1. Please rewrite following functions to lambda expressions

Example:

def AddOne(x):
    y=x+1
    return y

addOneLambda = lambda x: x+1

In [3]:
def foolOne(x): # note: assume x is a number
    y = x * 2
    y -= 25
    return y

In [4]:
## Type Your Answer Below ##
foolOne_lambda = lambda x: x*2-25

In [5]:
# Generate a random 3*4 matrix for test
tlist = np.random.randn(3,4) 
tlist


Out[5]:
array([[ 0.59605721, -0.58168464,  1.10235931, -0.22210643],
       [ 0.0510592 ,  0.27080598,  0.31279761, -0.38567646],
       [ 0.20848164,  0.74616363, -1.35820611, -2.05312776]])

In [6]:
# Check if the lambda function yields same results as previous function
def test_foolOne(tlist, func1, func2):
    if func1(tlist).all() == func2(tlist).all():
        print("Same results!")
        
test_foolOne(tlist, foolOne, foolOne_lambda)


Same results!

In [15]:
def foolTwo(x): # note: assume x here is a string
    if x.startswith('g'):
        return True
    else:
        return False

In [16]:
## Type Your Answer Below ##
foolTwo_lambda = lambda x: x.startswith('g')

In [34]:
# Generate a random 3*4 matrix of strings for test
# reference: https://pythontips.com/2013/07/28/generating-a-random-string/
# reference: http://www.programcreek.com/python/example/1246/string.ascii_lowercase

import random
import string 

def random_string(size):
    new_string = ''.join([random.choice(string.ascii_letters + string.digits) for n in range(size)])
    return new_string

def test_foolTwo():
    test_string = random_string(6)
    if foolTwo_lambda(test_string) == foolTwo(test_string):
        return True
        
for i in range(10):
    if test_foolTwo() is False:
        print('Different results!')

2. What's the difference between tuple and list?


In [59]:
## Type Your Answer Below ##
# reference: https://docs.python.org/3/tutorial/datastructures.html
# tuple is immutable.
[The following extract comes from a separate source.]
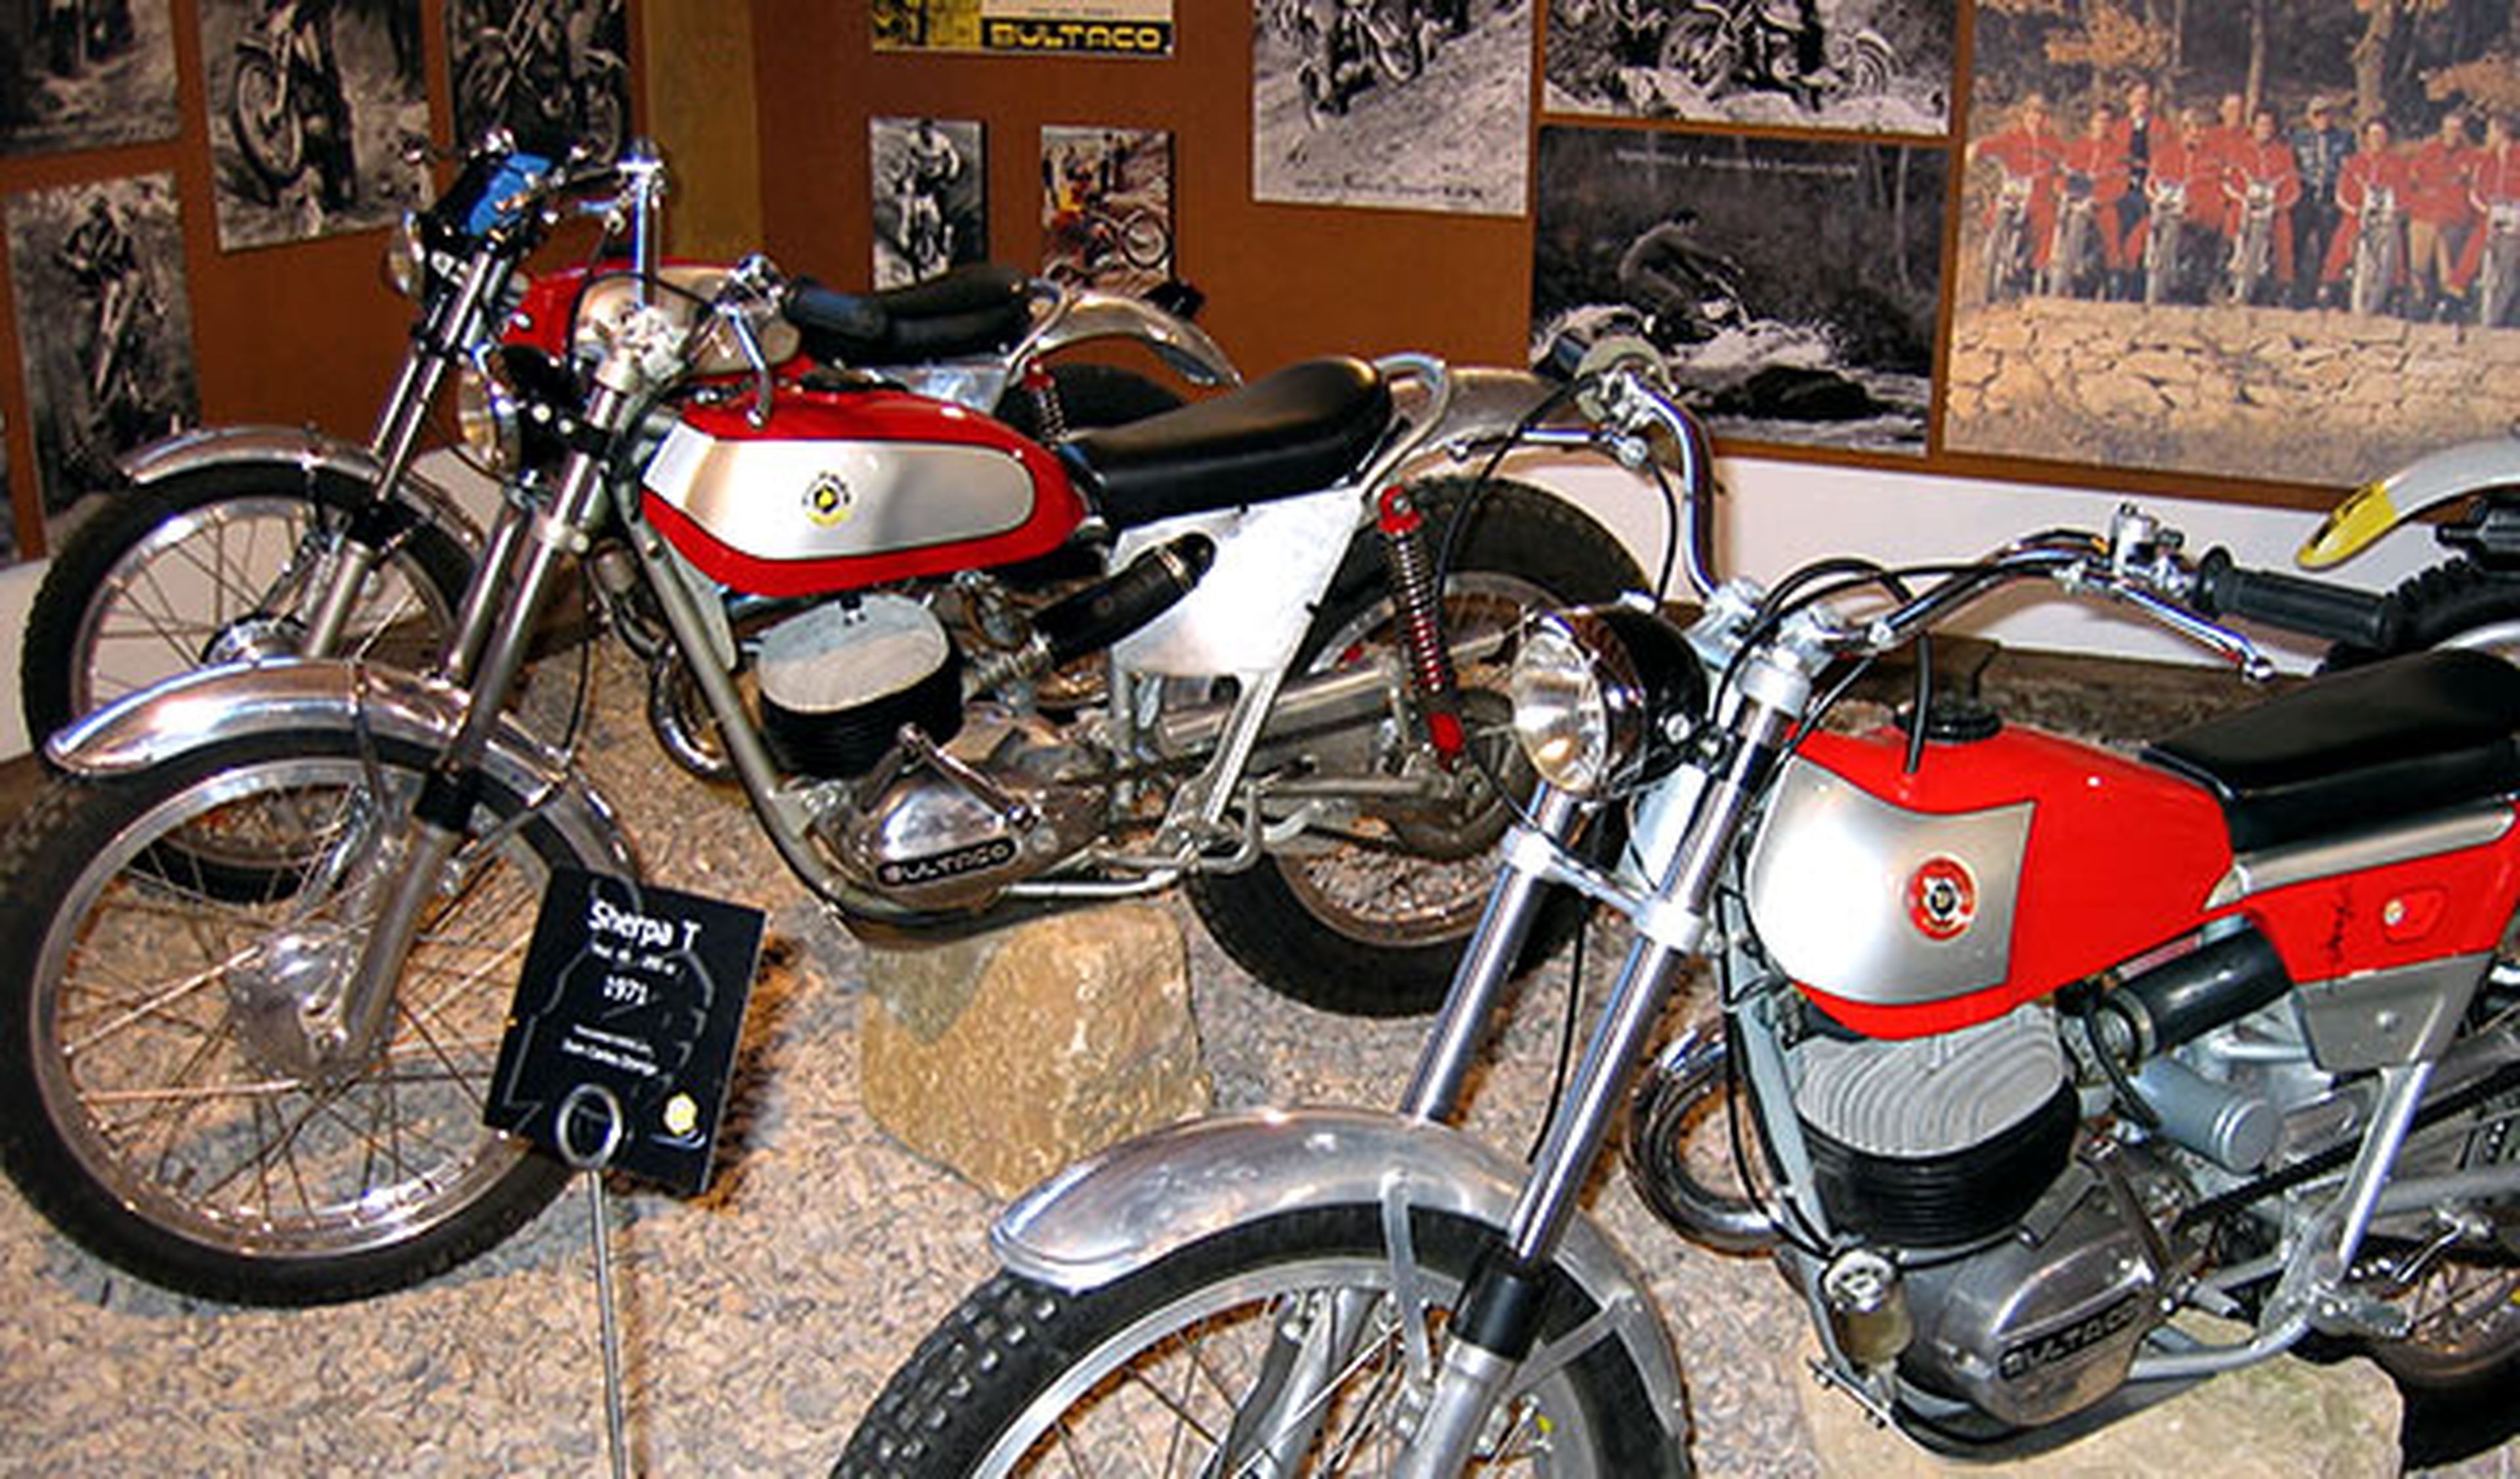 Vuelve Bultaco 2

They cannot be changed once they are made.
# tuples are easier for the python interpreter to deal with and therefore might end up being easier
# tuples might indicate that each entry has a distinct meaning and their order has some meaning (e.g., year)
# Another pragmatic reason to use tuple is when you have data which you know should not be changed (e.g., constant)
# tuples can be used as keys in dictionaries
# tuples usually contain a heterogeneous sequence of elements that are accessed via unpacking or indexing (or even by attribute in the case of namedtuples).
tuple1 = (1, 2, 3, 'a', True)
print('tuple: ', tuple1)
print('1st item of tuple: ', tuple1[0])
tuple1[0] = 4 # item assignment won't work for tuple


tuple:  (1, 2, 3, 'a', True)
1st item of tuple:  1
---------------------------------------------------------------------------
TypeError                                 Traceback (most recent call last)
<ipython-input-59-35f8d3932930> in <module>()
      4 print('tuple: ', tuple1)
      5 print('1st item of tuple: ', tuple1[0])
----> 6 tuple1[0] = 4 # item assignment won't work for tuple

TypeError: 'tuple' object does not support item assignment

In [70]:
# tuple with just one element
tuple2 = (1) # just a number, so has no elements
print(type(tuple2))
tuple2[0]


<class 'int'>
---------------------------------------------------------------------------
TypeError                                 Traceback (most recent call last)
<ipython-input-70-73ed3196eee2> in <module>()
      2 tuple2 = (1) # just a number, so has no elements
      3 print(type(tuple2))
----> 4 tuple2[0]

TypeError: 'int' object is not subscriptable

In [71]:
# tuple with just one element
tuple3 = (1, ) 
print(type(tuple3))
tuple3[0]


<class 'tuple'>
Out[71]:
1

In [82]:
# Question for TA: is tuple comprehension supported?
tuple4 = (char for char in 'abcdabcdabcd' if char not in 'ac')
print(tuple4)


<generator object <genexpr> at 0x0000014582DF11A8>

In [90]:
# Question for TA: is the following two tuples the same?
tuple4= (1,2,'a'),(True, False)
tuple5 = ((1,2,'a'),(True, False))
print(tuple4)
print(tuple5)


((1, 2, 'a'), (True, False))
((1, 2, 'a'), (True, False))

In [65]:
# lists' elements are usually homogeneous and are accessed by iterating over the list.
list1 = [1, 2, 3, 'a', True] 
print('list1: ', list1)
print('1st item of list: ', list1[0])
list1[0] = 4 # item assignment works for list

# list comprehensions
list_int = [element for element in list1 if type(element)==int]
print("list_int", list2)


list1:  [1, 2, 3, 'a', True]
1st item of list:  1
list_int [4, 2, 3]

In [77]:
## Type Your Answer Below ##
# A set is an unordered collection with no duplicate elements. 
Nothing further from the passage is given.